This study is currently recruiting participants.
Verified November 2017 by Novartis ( Novartis Pharmaceuticals )
Sponsor:
ClinicalTrials.gov Identifier:
NCT01327846
First Posted: April 4, 2011
Last Update Posted: November 17, 2017
The safety and scientific validity of this study is the responsibility of the study sponsor and investigators. Listing a study does not mean it has been evaluated by the U.S. Federal Government. Know the risks and potential benefits of clinical studies and talk to your health care provider before participating. Read our disclaimer for details.
Information provided by (Responsible Party):
Novartis ( Novartis Pharmaceuticals )
  Purpose

Main Study (CACZ885M2301): The purpose of the pivotal phase of this trial is to test the hypothesis that canakinumab treatment of patients with MI at least one month prior to study entry and elevated hsCRP will prevent recurrent cardiovascular events.

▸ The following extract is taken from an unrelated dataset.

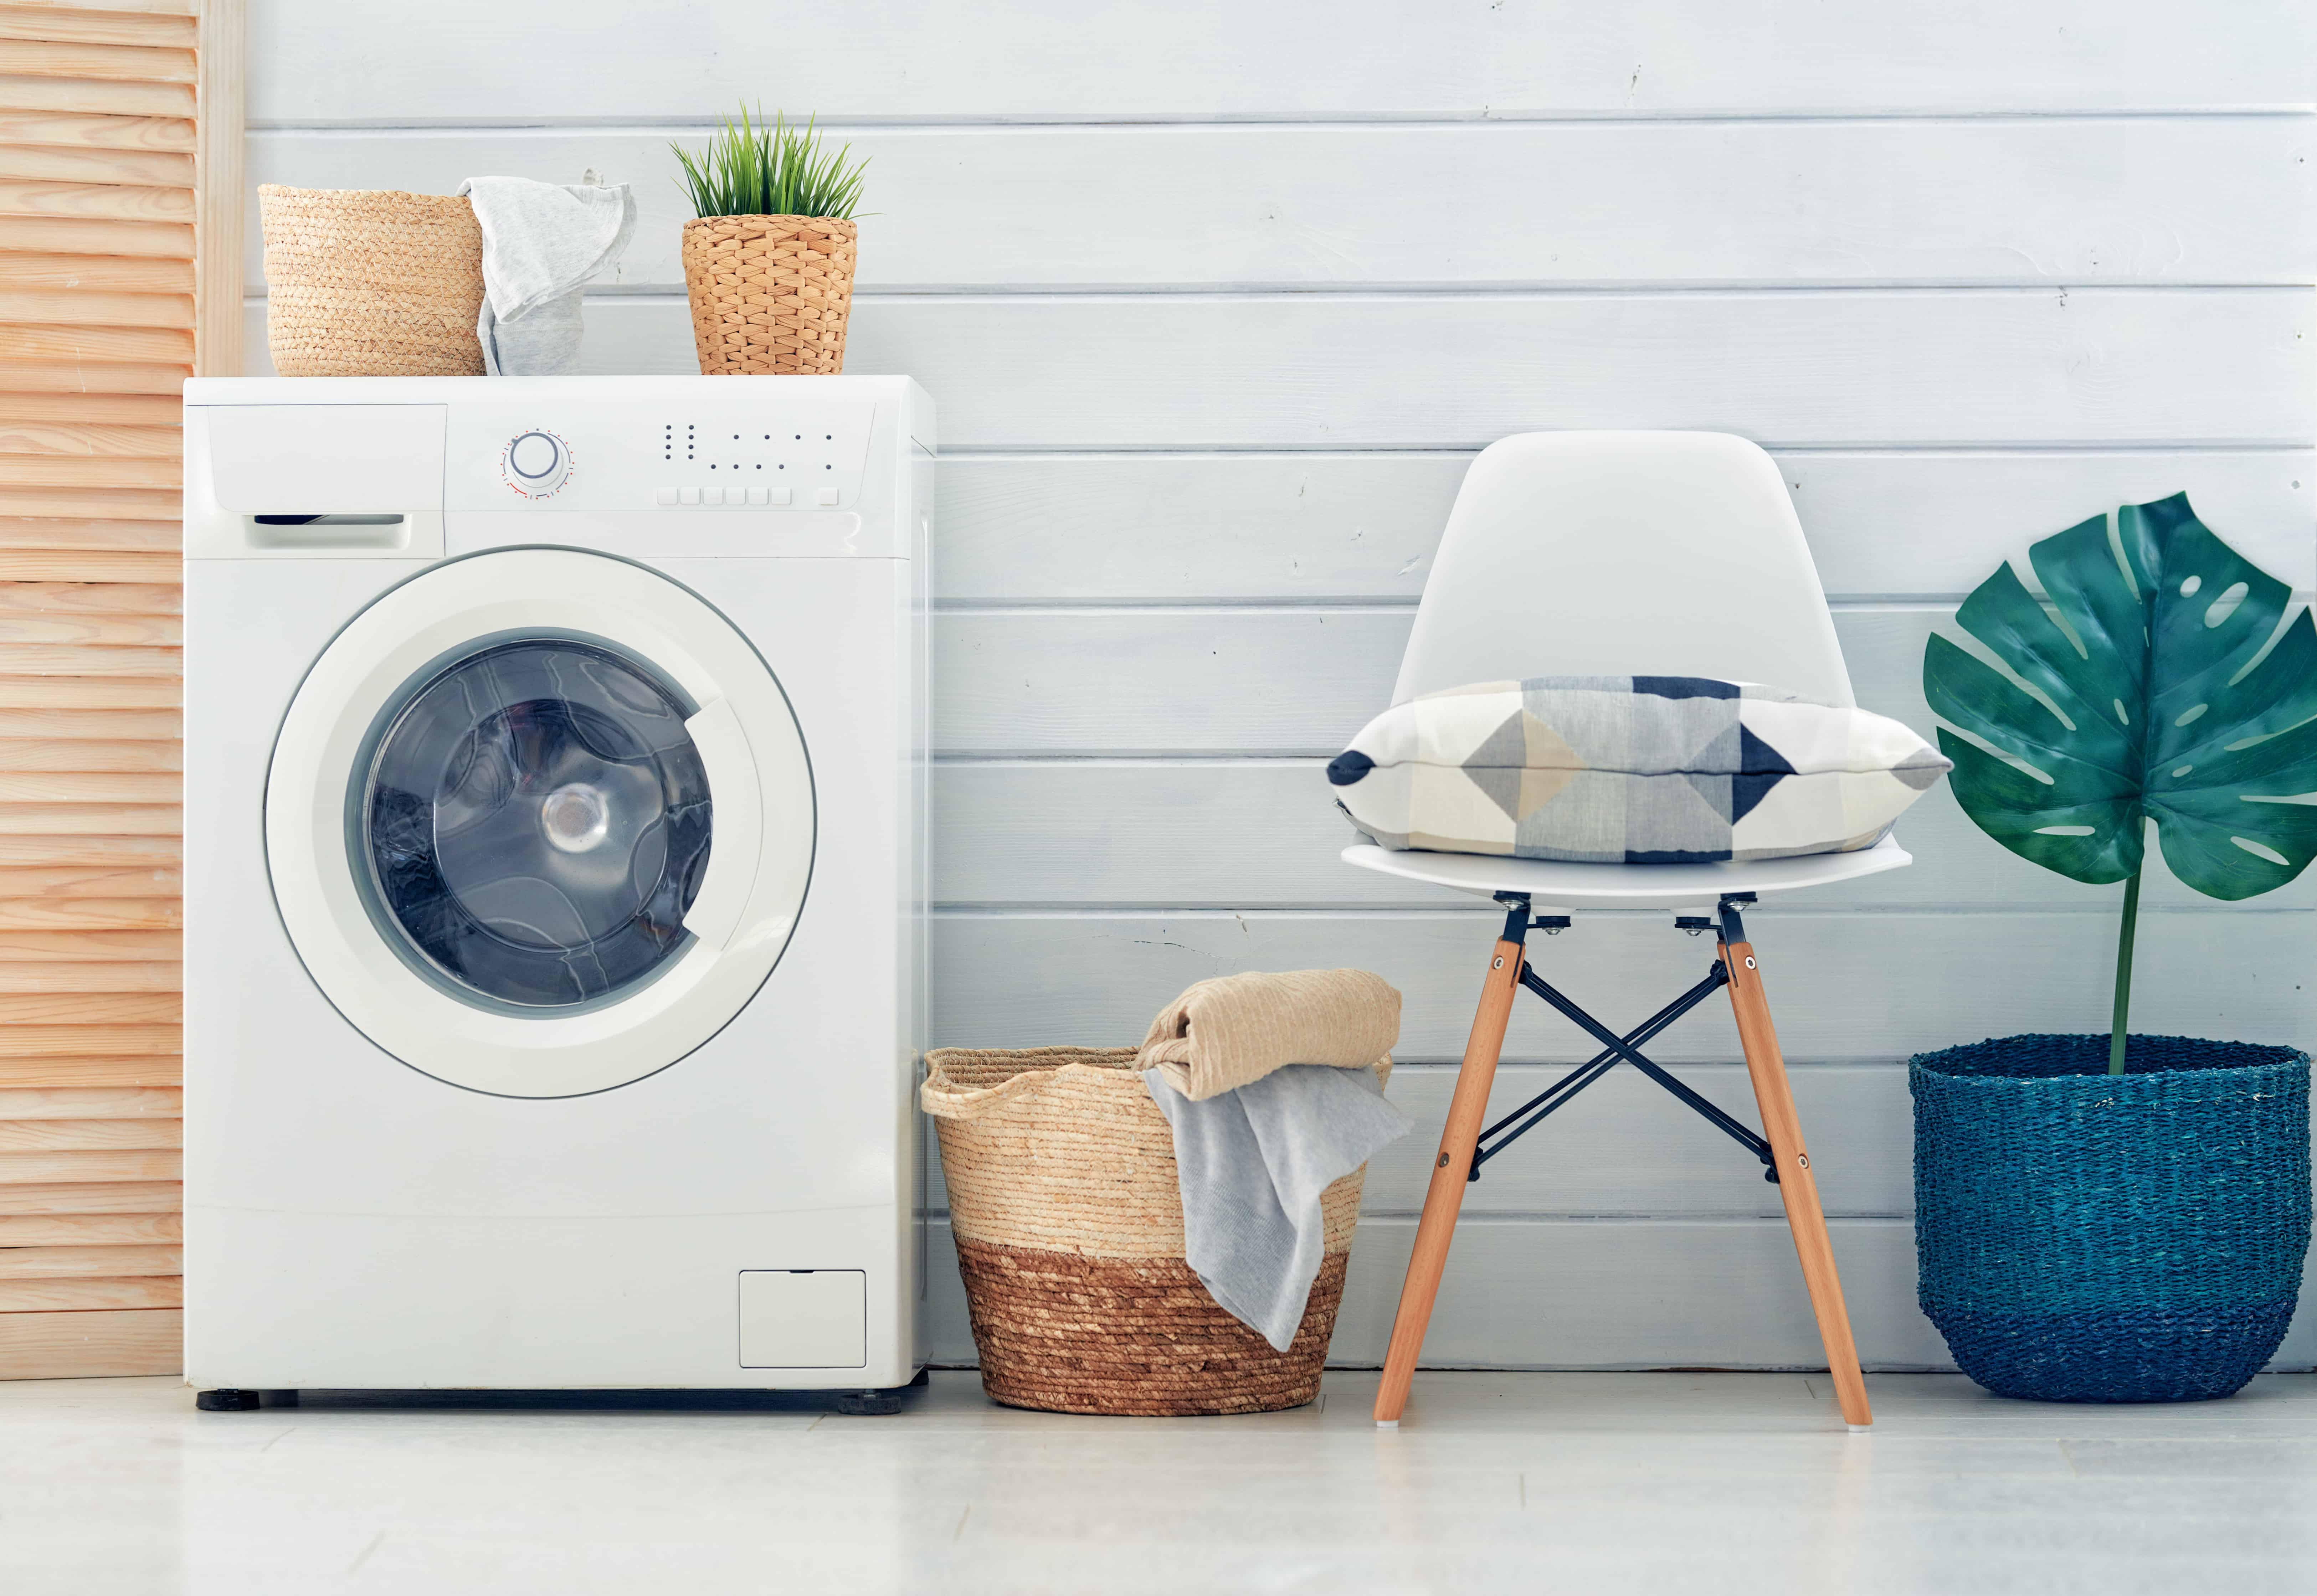 Una lavadora blanca con una silla

The purpose of the extension phase of the main study is to collect additional long-term safety data on continued exposure to canakinumab in patients who participated in the pivotal phase.

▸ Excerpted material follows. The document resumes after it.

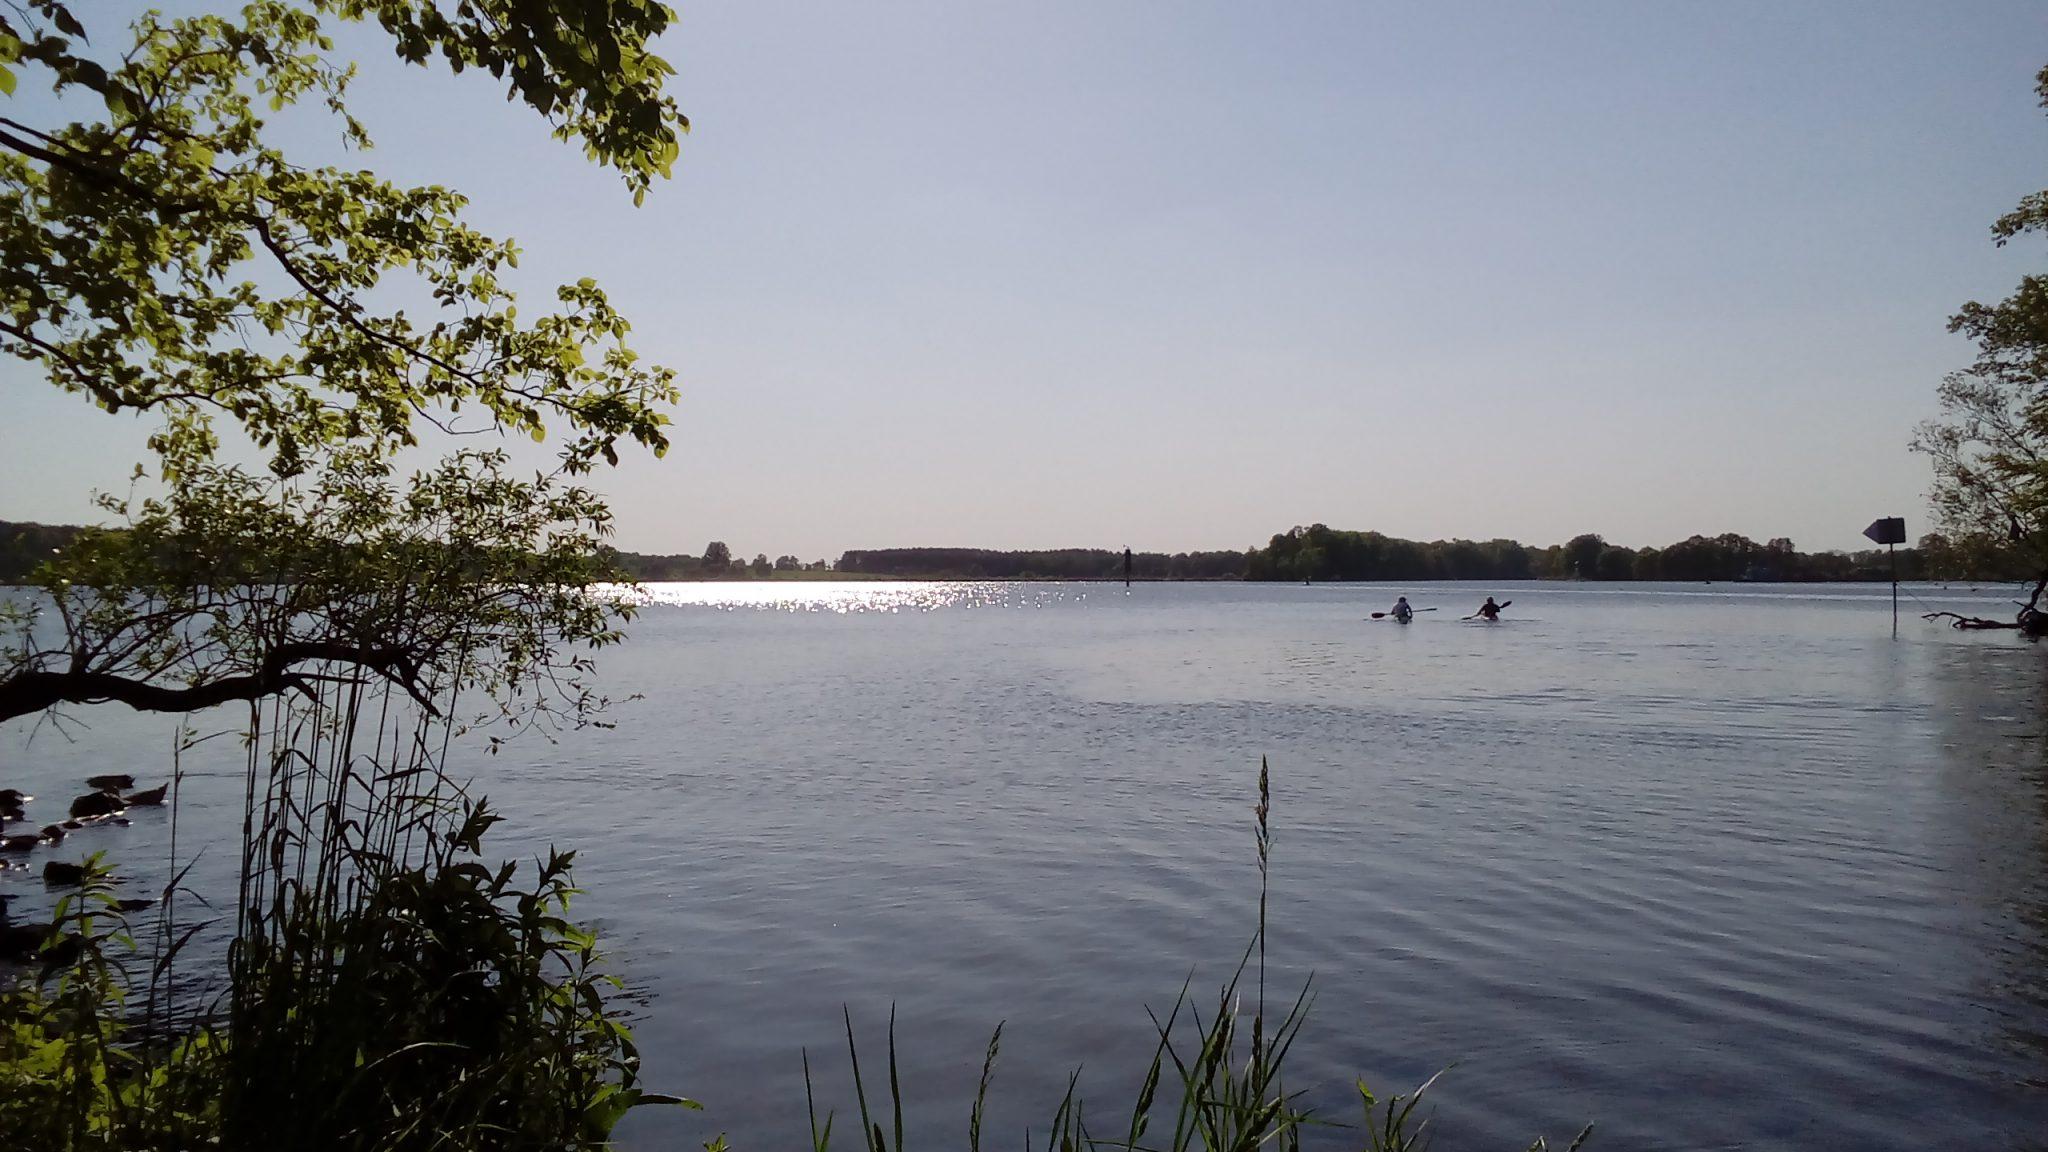 https://kayak24.de/wp-content/uploads/2017/02/kajaktouren_potsdam_töplitz_paddeltour_2.jpg

Sub-study 1 (CACZ885M2301S1): The purpose of this sub-study is to evaluate the effect of quarterly subcutaneous canakinumab treatment for 24 months comparted with placebo on the carotid plaque burden measured by integrated vascular MRI in patients enrolled in the CACZ885M2301 study (CANTOS).

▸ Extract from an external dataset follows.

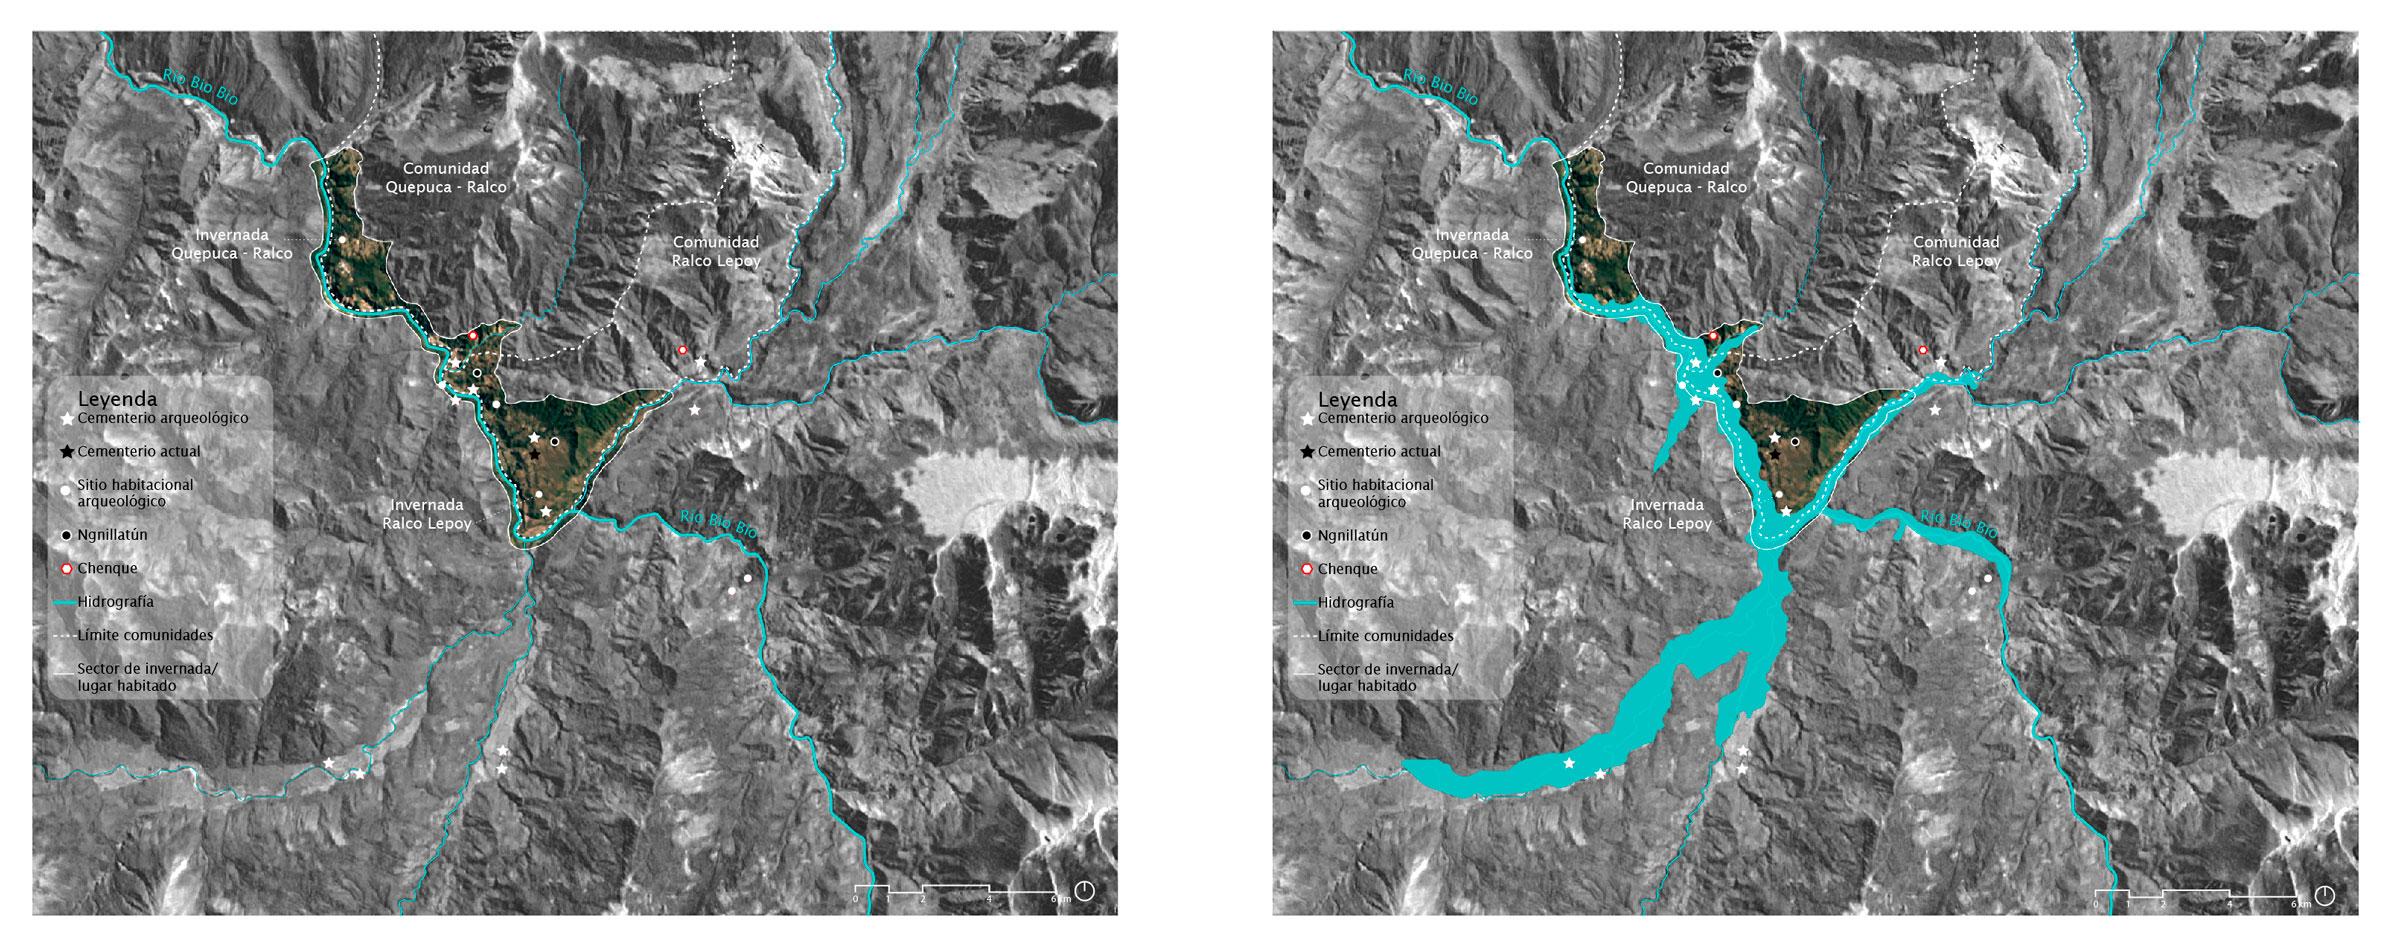 (3) Mapa de inundación de la comunidad Ralco Lepoy por la creación de la represa hidroeléctrica Ralco (2004) © Amira Shalaby

Sub-study 2 (CACZ885M2301S2): The purpose of this CANTOS sub-study is to determine whether, in patients with type 2 diabetes participating in the CANTOS main study, canakinumab compared to placebo, on top of standard of care increases insulin secretion and insulin sensitivity.


Condition Intervention Phase
Atherosclerosis Drug: Canakinumab Drug: Placebo Phase 3

Study Type: Interventional
Study Design: Allocation: Randomized
Intervention Model: Parallel Assignment
Masking: Triple (Participant, Investigator, Outcomes Assessor)
Primary Purpose: Treatment
Official Title: A Randomized, Double-blind, Placebo-controlled, Event-driven Trial of Quarterly Subcutaneous Canakinumab in the Prevention of Recurrent Cardiovascular Events Among Stable Post-myocardial Infarction Patients With Elevated hsCRP

Resource links provided by NLM:


Further study details as provided by Novartis ( Novartis Pharmaceuticals ):

Primary Outcome Measures:
  • Main:Time to first occurrence of major adverse cardiovascular event, which is a composite of CV death, non-fatal MI, and stroke. [ Time Frame: 36 months ]
  • Substudy 1; Change from baseline in carotid plaque burden in the bifurcation region of the index carotid artery [ Time Frame: 36 months ]
  • Substudy 2; Change from baseline of the insulin secretion rate (ISR) relative to glucose 0-30 min defined as Φ30 = AUCISR 0-30 / AUCGluc 0-30 averaged across the yearly visits. [ Time Frame: 36 months ]

Secondary Outcome Measures:
  • Main:Time to first occurrence of the composite cardiovascular endpoint consisting of cardiovascular death, non-fatal MI, stroke and hospitalization for unstable angina requiring unplanned revascularization. [ Time Frame: 36 months ]
  • Main:Time to new onset type 2 diabetes among patients with pre-diabetes at randomization. [ Time Frame: 36 months ]
  • Main:Time to first occurrence of non-fatal MI, stroke and all-cause mortality composite. [ Time Frame: 36 months ]
  • Main: Time to all-cause mortality. [ Time Frame: 36 months ]
  • Substudy 1; Change from baseline of the total vessel wall area at Month 3 of the index carotid artery. [ Time Frame: 36 months ]
  • Substudy 1; Mean total vessel wall area across the left and right carotid artery at Month 3 and Month 24. [ Time Frame: 36 months ]
  • Substudy 1; Change from baseline in corresponding total vessel wall area in the left and right carotid arteries. [ Time Frame: 36 months ]
  • Substudy 1; The existence of a baseline total vessel wall area by treatment interaction as well as the consistency of the treatment effect across subgroups. [ Time Frame: 36 months ]
  • Substudy 2; Change from baseline in insulin sensitivity index. [ Time Frame: 36 months ]
  • Substudy 2; Change from baseline in OGTT stimulated area under curve (AUC) 0-120 min of glucose concentration, insulin concentration, pro-insulin concentration, and insulin concentration/glucose concentration ratio. [ Time Frame: 36 months ]
  • Substudy 2; Change from baseline in fasting pro-insulin concentration /insulin concentration ratio. [ Time Frame: 36 months ]
  • Substudy 2; Change from baseline in OGTT stimulated area under the curve (AUC) 0-120 min of C-peptide concentration. [ Time Frame: 36 months ]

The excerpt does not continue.